- Riverside Location within the state of New Mexico
- Coordinates: 35°59′42″N 106°03′56″W﻿ / ﻿35.99500°N 106.06556°W
- Country: United States
- State: New Mexico
- County: Rio Arriba
- Elevation: 5,598 ft (1,706 m)
- Time zone: UTC-7 (Mountain (MST))
- • Summer (DST): UTC-6 (MDT)
- ZIP codes: 87532
- Geonames Feature code: PPL 5487892

= Riverside, Rio Arriba County, New Mexico =

Riverside is a former village, now a suburb of Espanola, in Rio Arriba County, New Mexico, in the southwestern United States. It is located in north-central New Mexico, on the left bank (east side) of the Rio Grande across the river from Española proper. It is on NM Route 68 just north of U.S. Route 285 and just south of the former village of Santa Niño.

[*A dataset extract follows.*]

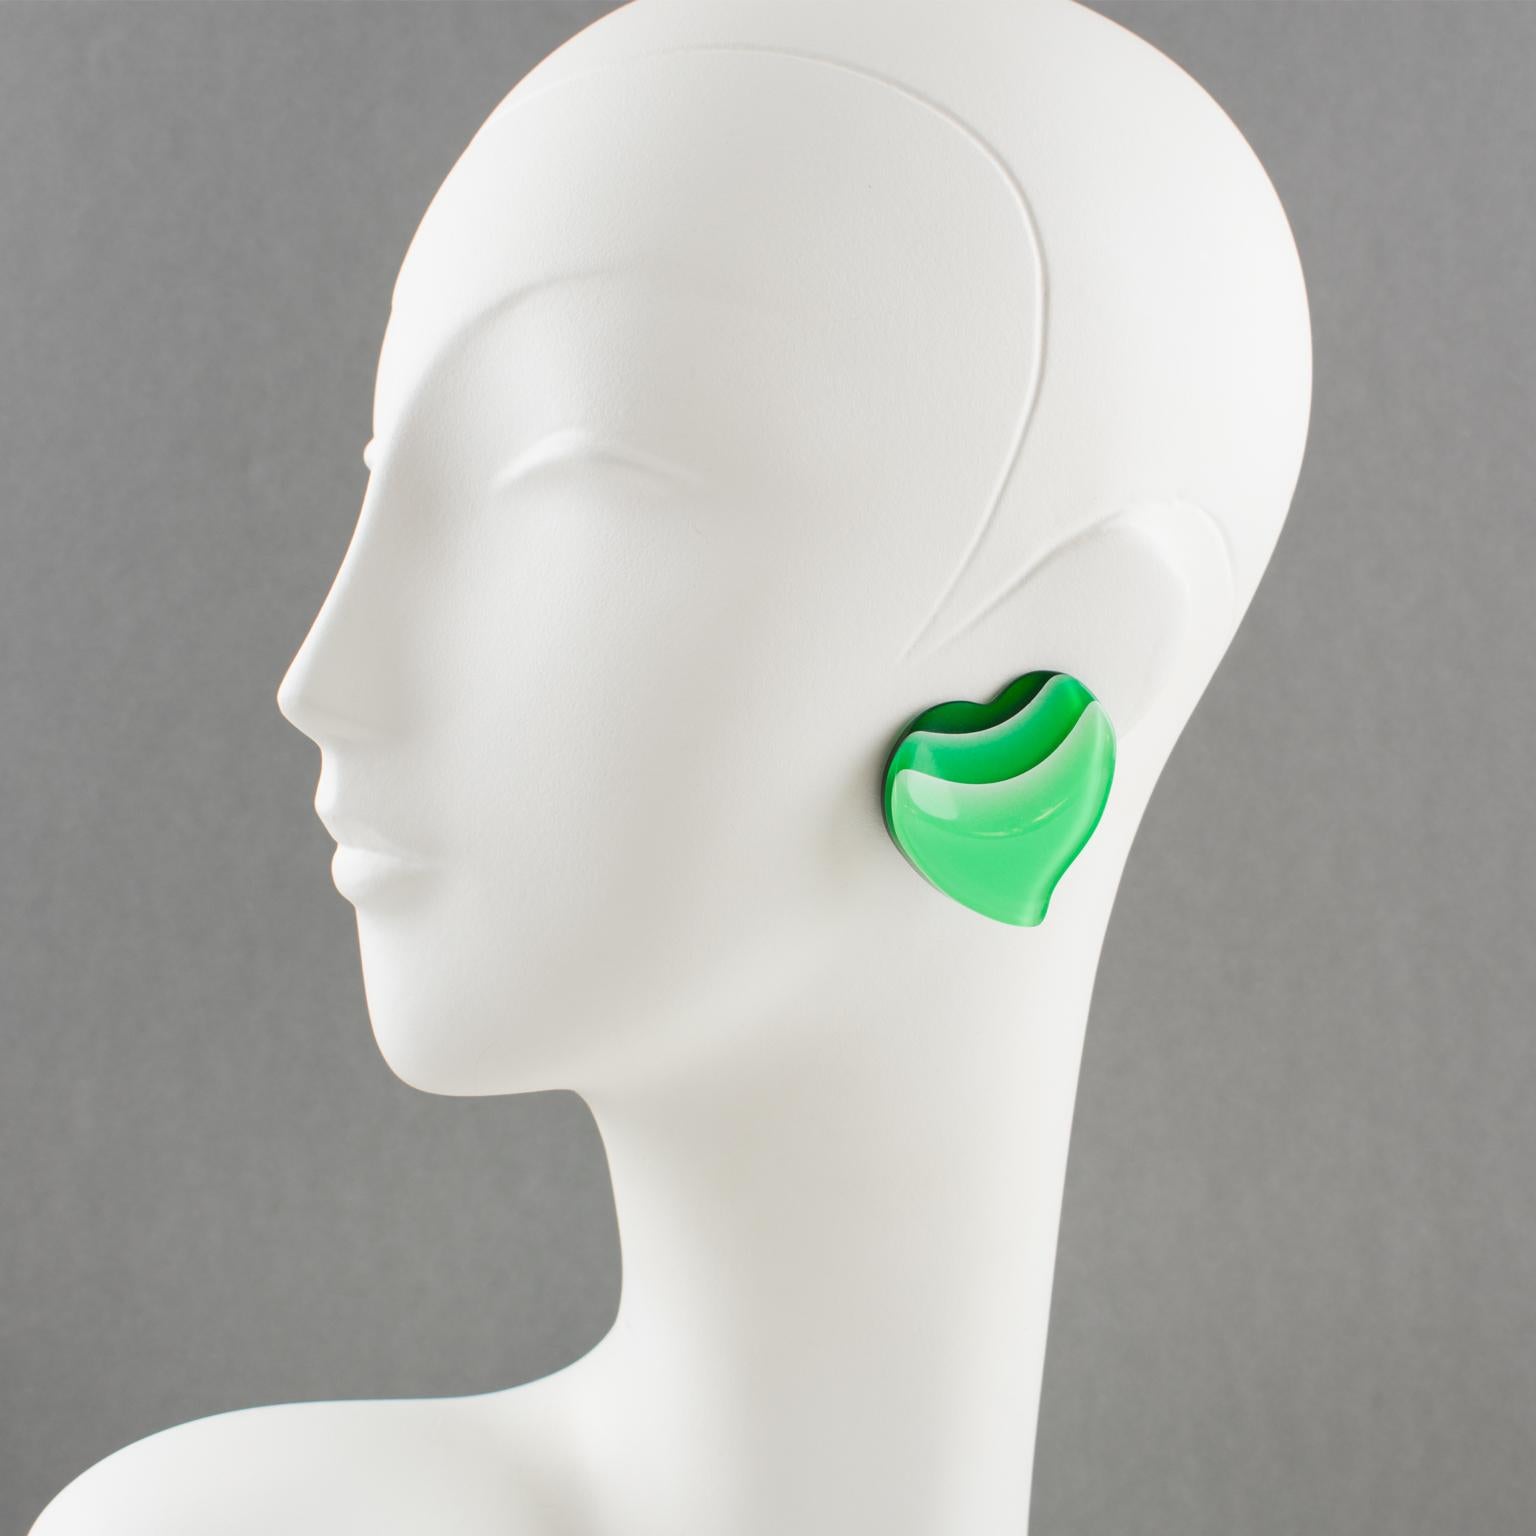 Hübsche übergroße Lucite-Ohrringe aus den 1960er Jahren. Mit einer großen geschnitzten Herzform mit Laminierung. Transparente waldgrüne Farbe Hintergrund schattiert, um grünes Gras und aqua-grün hellen Farben. Es gibt keine sichtbare

To the southeast is the former village of San Pedro.

==History==
As early as 800 A.D. the area was being intensively farmed by the pueblo people. In 1598 when Capitán General Juan de Oñate arrived in northern New Mexico, the area was occupied by the Tewa pueblo people of Ohkay Owingeh (San Juan Pueblo). The Riverside lands remained as irrigated farm lands while over the next 300 years ownership became intermingled between puebloans and others until The Pueblo Lands Act of 1924, when a decision of the Lands Board set, or identified, the present southern border of San Juan Pueblo just north of Santa Niño.

In 1941, the Oñate Bridge was built across the Rio Grande connecting Española and Riverside, which afterwards was annexed by Española.